Also, as you would expect, personal attacks are being aimed at witnesses of events that contradict this story. And doubts are cast at video evidence.
It's pretty clear that there is an attempt to paint a disconnect between HK China and Mainland China
I don't know, the propaganda accounts are usually much more blunt. This one has nuanced words. Painting Carrie Lam as relying on the police and force etc.
As usual, rather than offer actual counterpoints, you resort to ad hominem attacks and complete misrepresentation of what I stated.
- nowhere did I state issues in HK are internal to HK only. There's obvious influence by interested parties outside of HK as well.
- HK is under the CCP. Of course there's influence. I never stated this either. I stated that the influence is much less than what media would like you to belive.
- I specifically stated that 2 of the demands are unreasonable, and a third will never be tolerated by the CCP. The protest movement certainly isn't a united cause for Hong Kong as a whole.

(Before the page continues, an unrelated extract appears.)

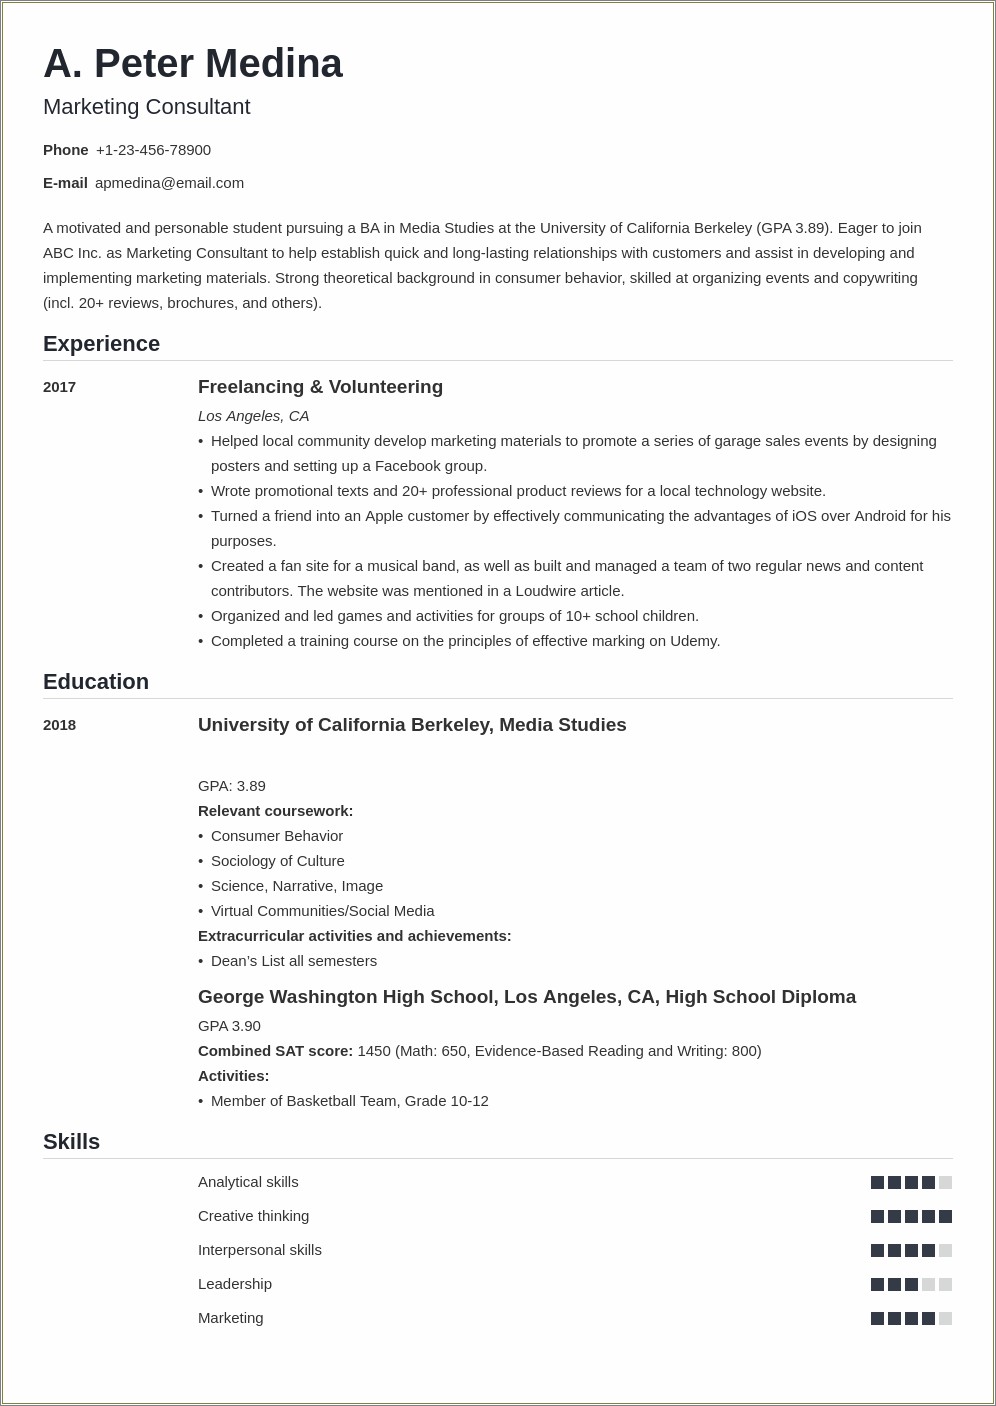 Resume Full Time Versus Part Time Experience

That's what I stated. Even in the recent local elections the pro-protest candidates garnered on average less than 60% of the votes despite record turn out on their side.
- There indeed is no hard and credible evidence that people are being deported out of HK into China. That's what I stated. I did not state that none have been assaulted by government forces.
" personal attacks are being aimed at witnesses of events that contradict this story"
umm...what personal attacks? Do you even know that the evidence of an emergency doctor saying the rapes occurred is by a "Dr. Ray" on Facebook? He also wrote in Chinese that his evidence is that "if he is lying, may the people and heavens judge him". Unfortunately most people buying into the claim don't read Chinese.
Now that I've pointed out your completely unbased claims and obvious disingenuity and lack of integrity, perhaps you want to provide evidence of claims to the contrary rather than your illogical rabble.
*yes I'm a brand new account. I usually only read posts here, but I'm from HK and it's an issue close to heart. I'm sick of the misrepresentation of what's actually happening being reinforced by people who have very little knowledge of Hong Kong if they have even ever visited or lived there at all.
I don't think you're a real person so I'm unsure as to how to respond to the accusation of an ad hominem attack.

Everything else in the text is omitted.